Posted on 07/18/2018 11:59:46 AM PDT by CondoleezzaProtege
The megalomania of the 1st-century Roman emperors, epitomized in the lunacy of Caligula and the lechery of Nero, evinces tormenting the cat on a global scale. It is little wonder so many eagerly converted to the Christian faith, which promised a king who truly loved and provided for his subjects. Jesus tells his disciples that heaven rejoices at the repentance of a single sinner. Subjects of his kingdom are to be concerned with the most marginalized, honored even for giving them a cup of cold water. Jesus elsewhere declares the last will be first, and the first last: indeed, the members of this kingdom are exhorted to invite to their feasts the maimed, the lame, the blind. Yet Jesus also asserts to Pilate during his interrogation that his kingdom is not of this world.

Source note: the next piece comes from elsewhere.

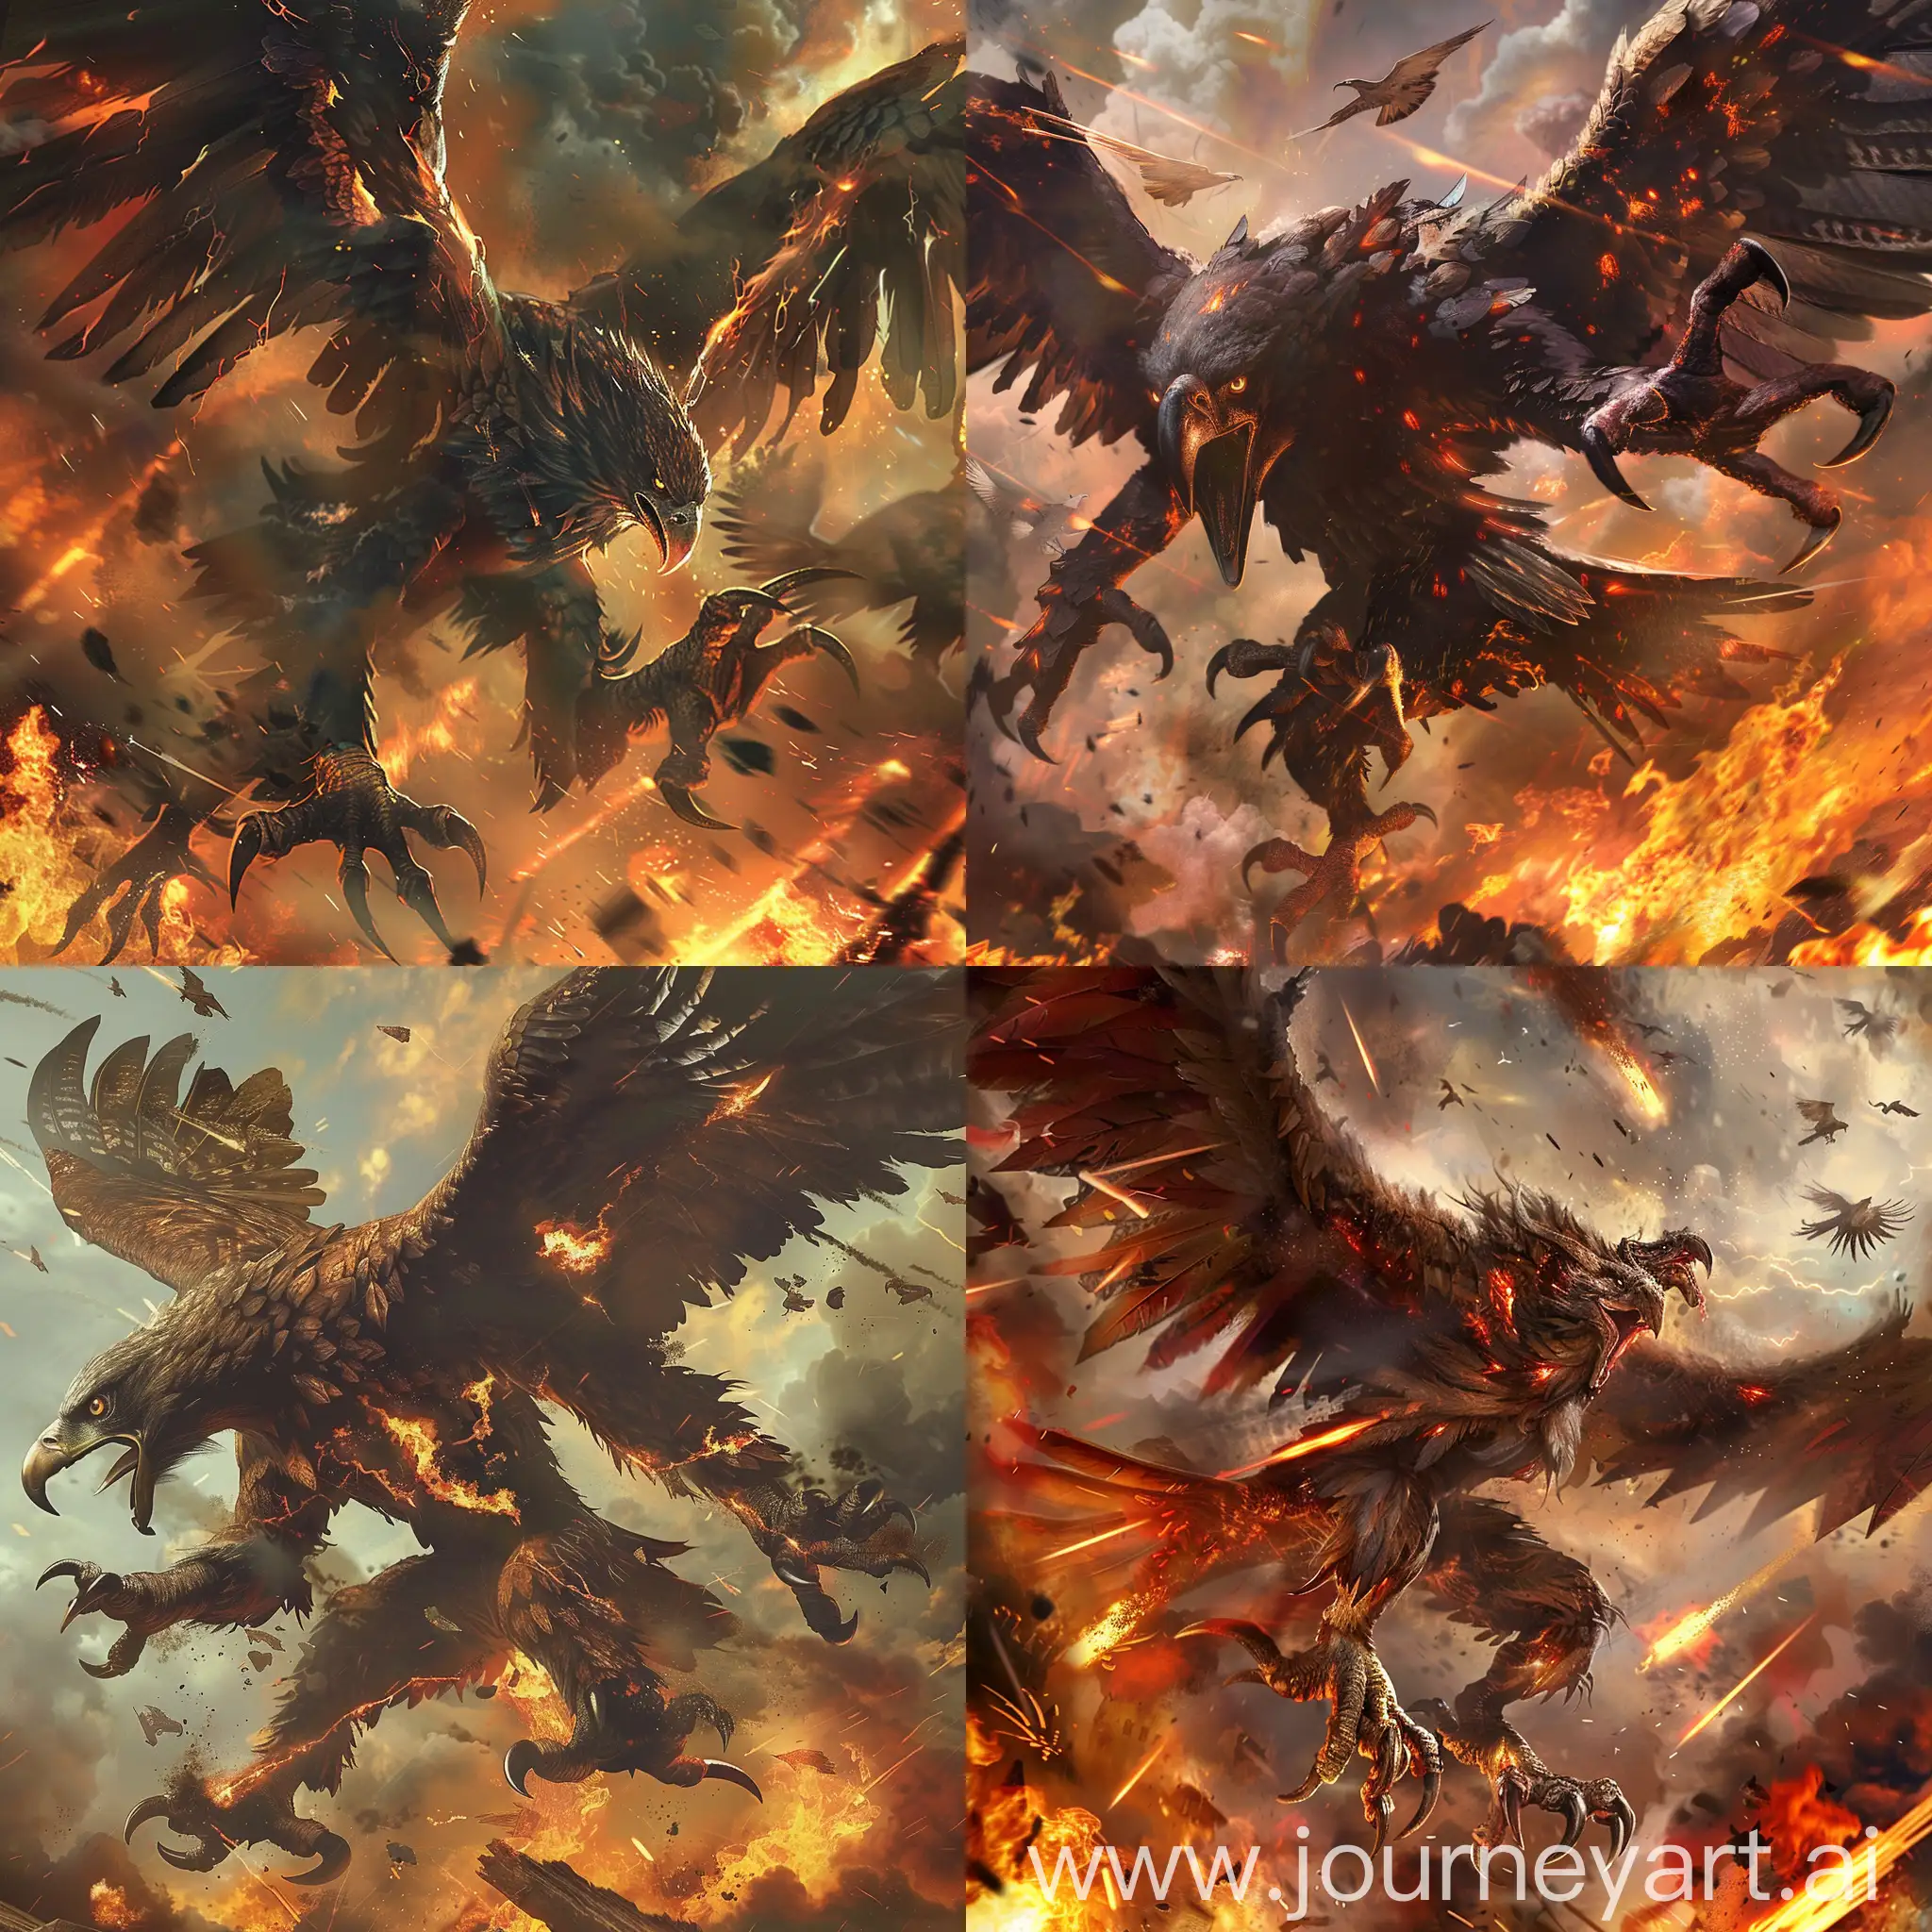 Ferocious-EagleWinged-Daemon-Engaged-in-Fiery-Battle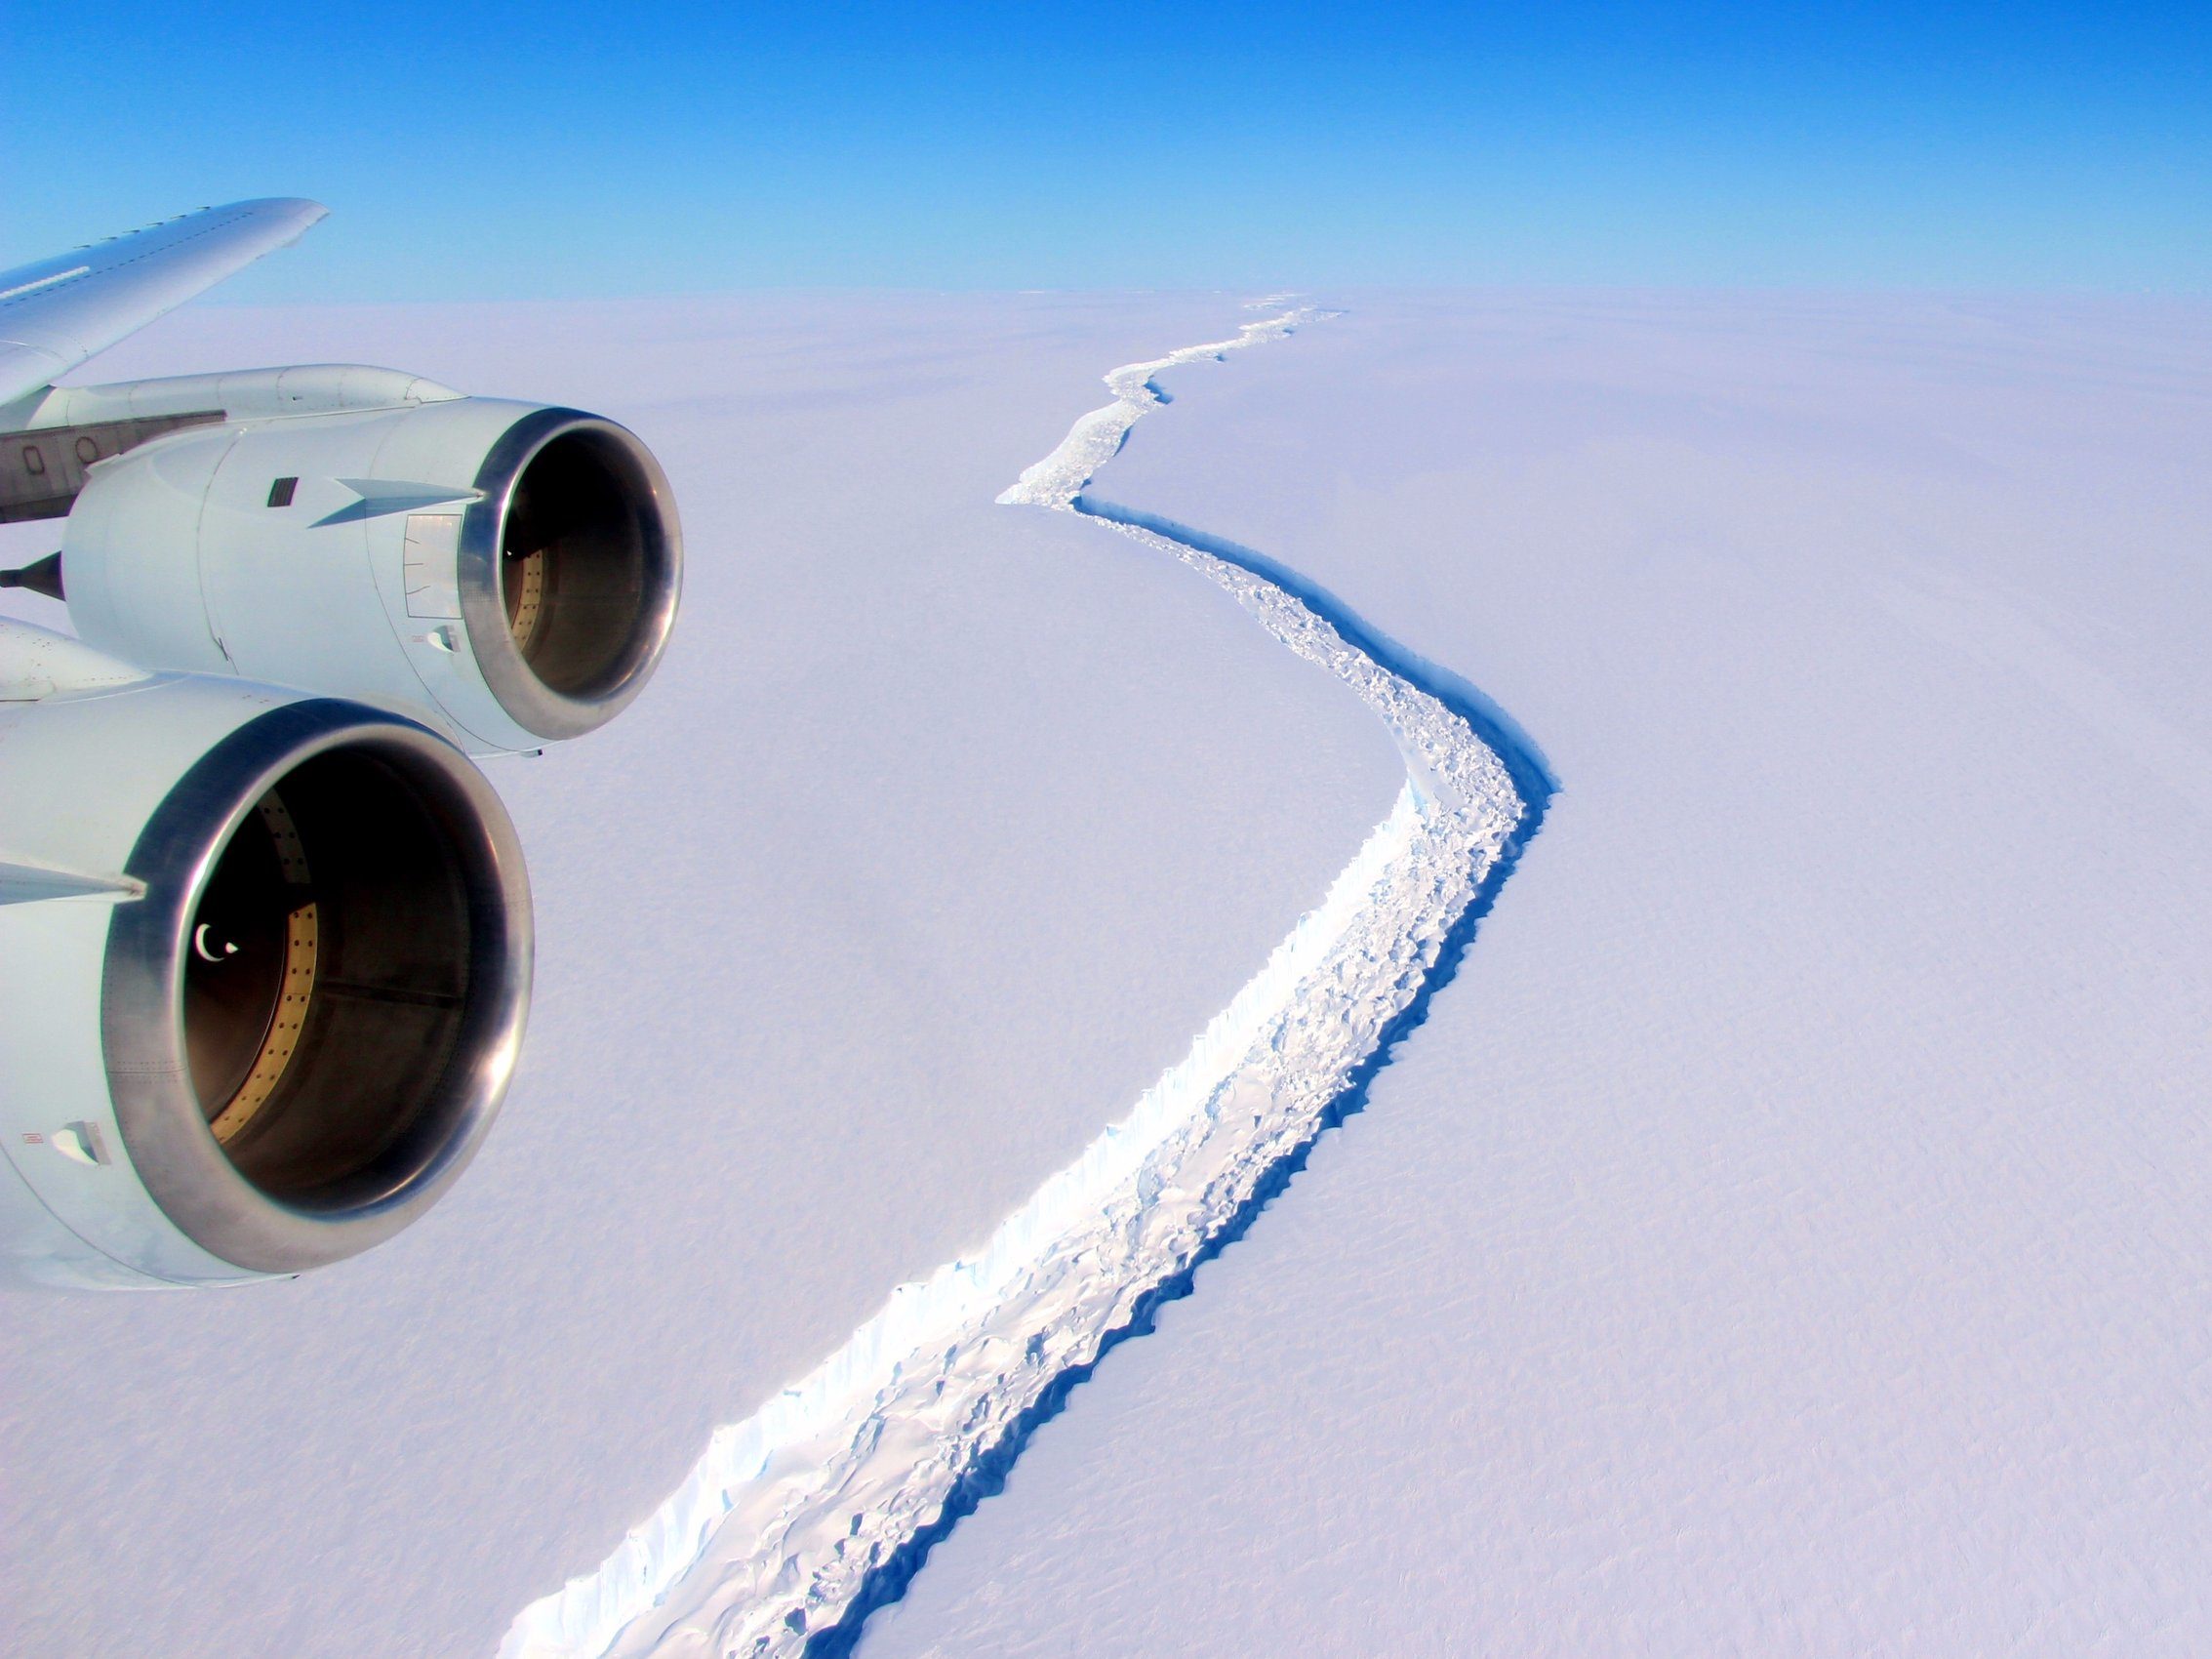 Antarctica's Larsen C ice shelf

As its doctrines developed and coalesced into a coherent whole, Christianity perceived that a strong distinction between religious faith and civil authority was necessary to restrain the totalitarian instincts of the state and preserve mans freedom. The doctrine of separation of church and state is not necessarily an Enlightenment idea, but one with roots in ancient Christianity. St. Augustine in his great work The City of God perceived two important but fundamentally distinct worlds: the city of God, composed of the Church and its adherents, and the city of man, the secular world. The 5th-century Pope Gelasius I in turn pronounced a doctrine of two swords, one being the Church, the other the state. These swords perform different functions and must remain separate, though religion must have the autonomy to judge and inform politics.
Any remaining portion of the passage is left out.